*Task prompt*
What you return must match the listing below line for line, minus its pictures.

*Source data*
↓
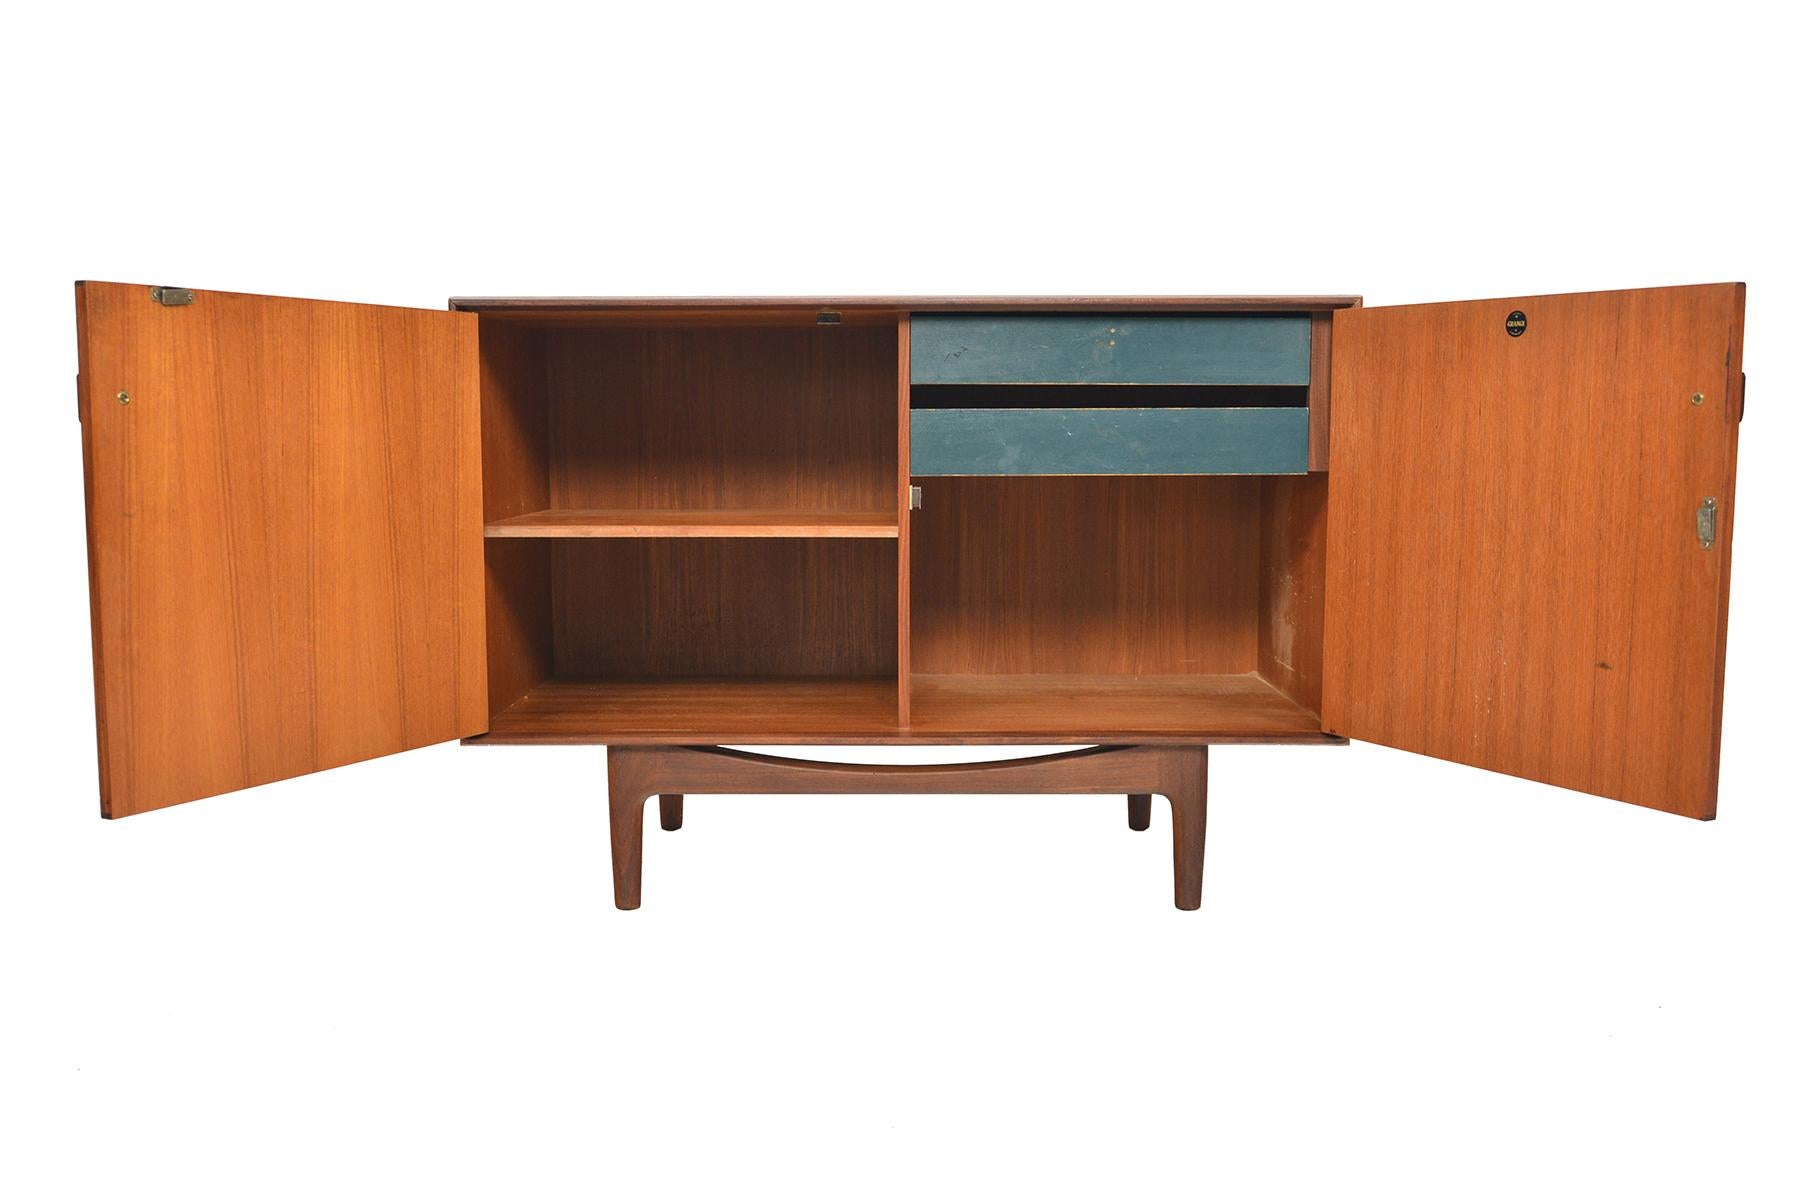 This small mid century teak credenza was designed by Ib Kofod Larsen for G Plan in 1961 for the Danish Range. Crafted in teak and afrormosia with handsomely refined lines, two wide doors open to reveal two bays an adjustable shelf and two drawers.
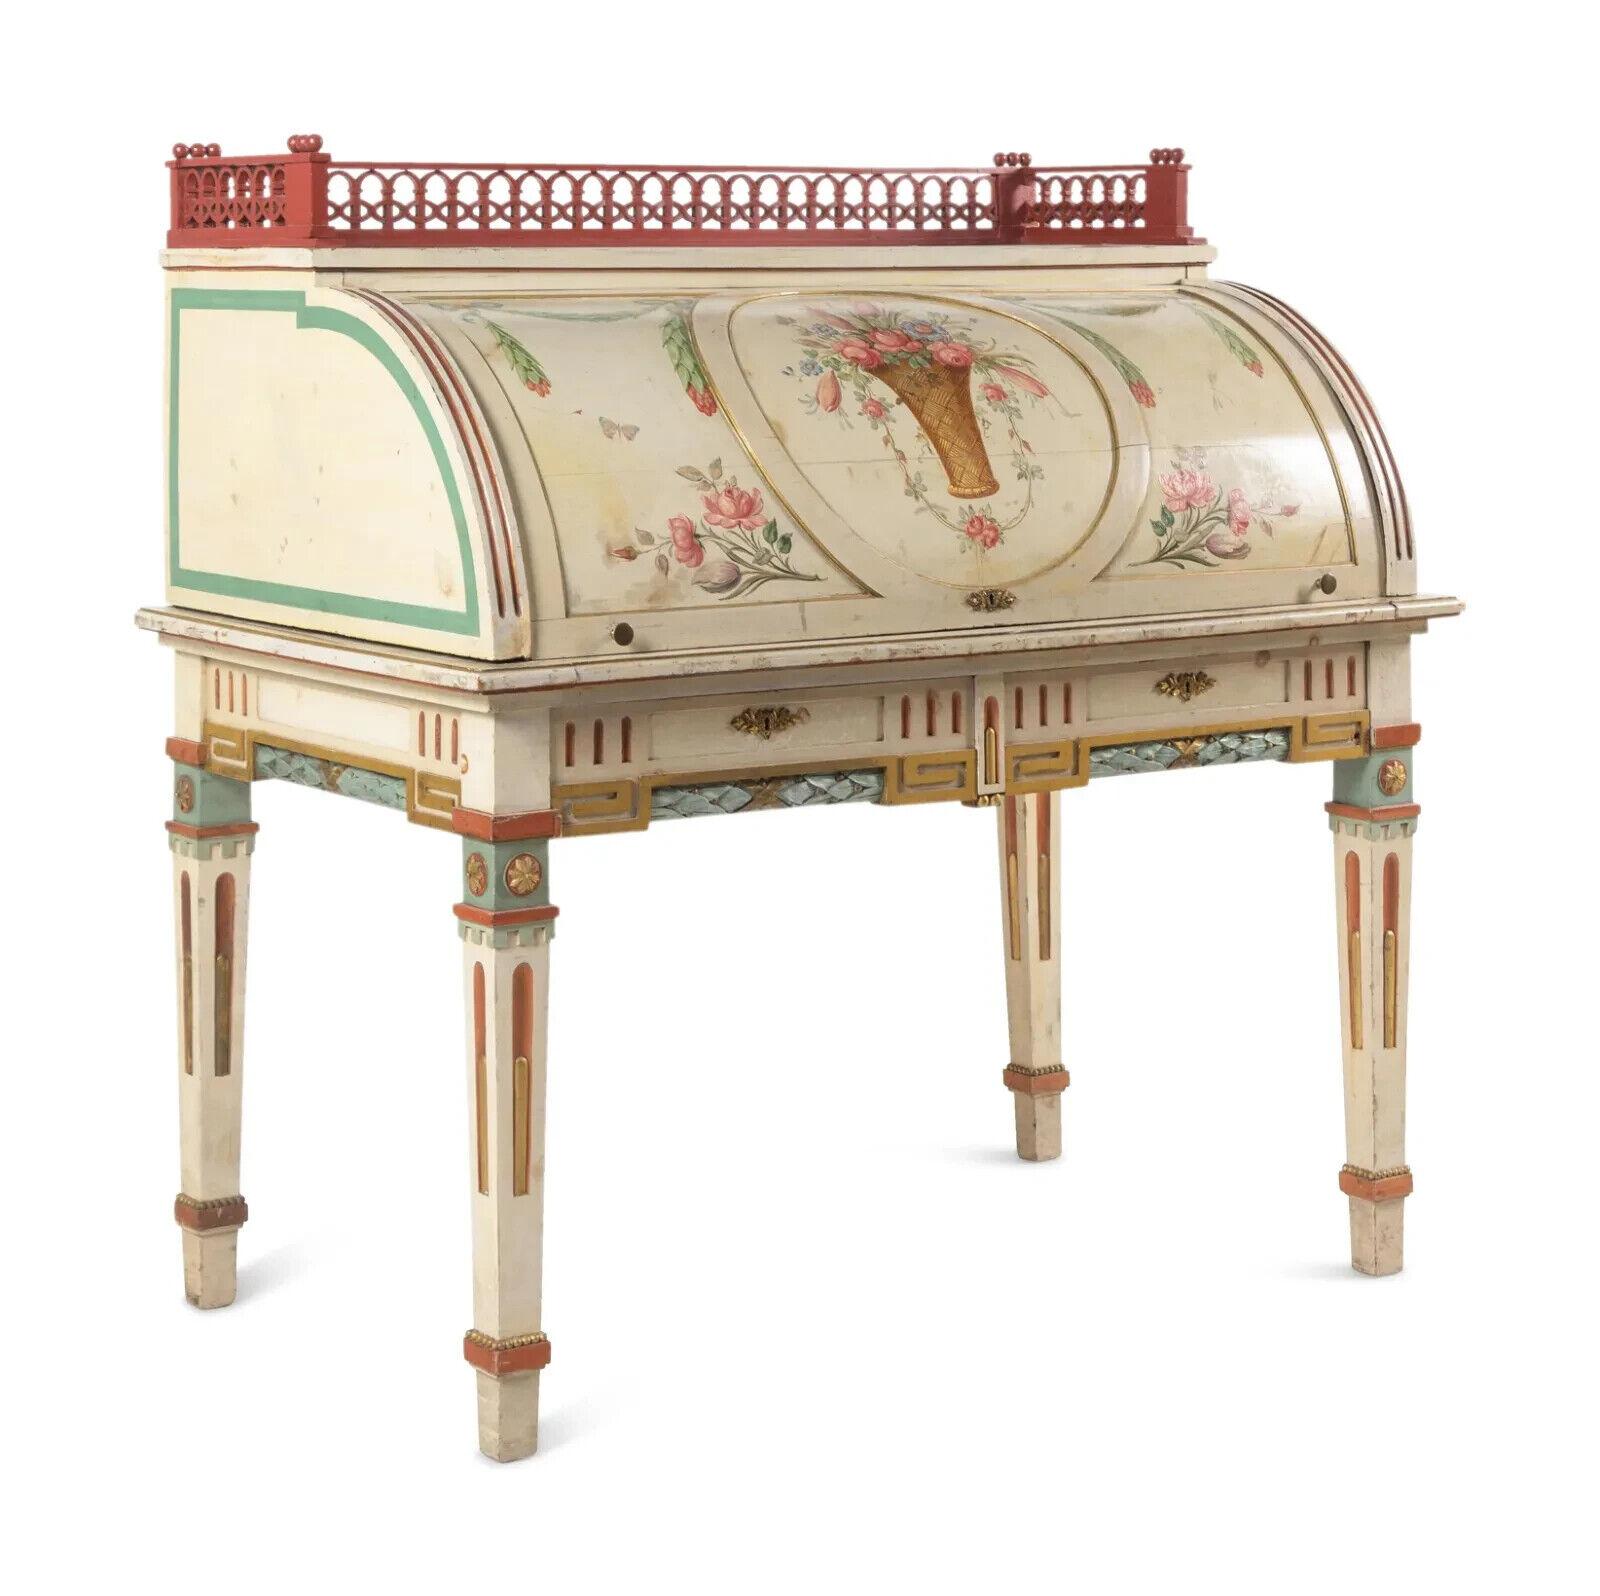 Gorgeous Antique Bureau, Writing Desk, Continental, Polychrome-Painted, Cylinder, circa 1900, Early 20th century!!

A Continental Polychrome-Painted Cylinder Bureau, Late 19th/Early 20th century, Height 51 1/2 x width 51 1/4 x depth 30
↑
*Output of the exercise*
 This small mid century teak credenza was designed by Ib Kofod Larsen for G Plan in 1961 for the Danish Range. Crafted in teak and afrormosia with handsomely refined lines, two wide doors open to reveal two bays an adjustable shelf and two drawers.
 Gorgeous Antique Bureau, Writing Desk, Continental, Polychrome-Painted, Cylinder, circa 1900, Early 20th century!!

A Continental Polychrome-Painted Cylinder Bureau, Late 19th/Early 20th century, Height 51 1/2 x width 51 1/4 x depth 30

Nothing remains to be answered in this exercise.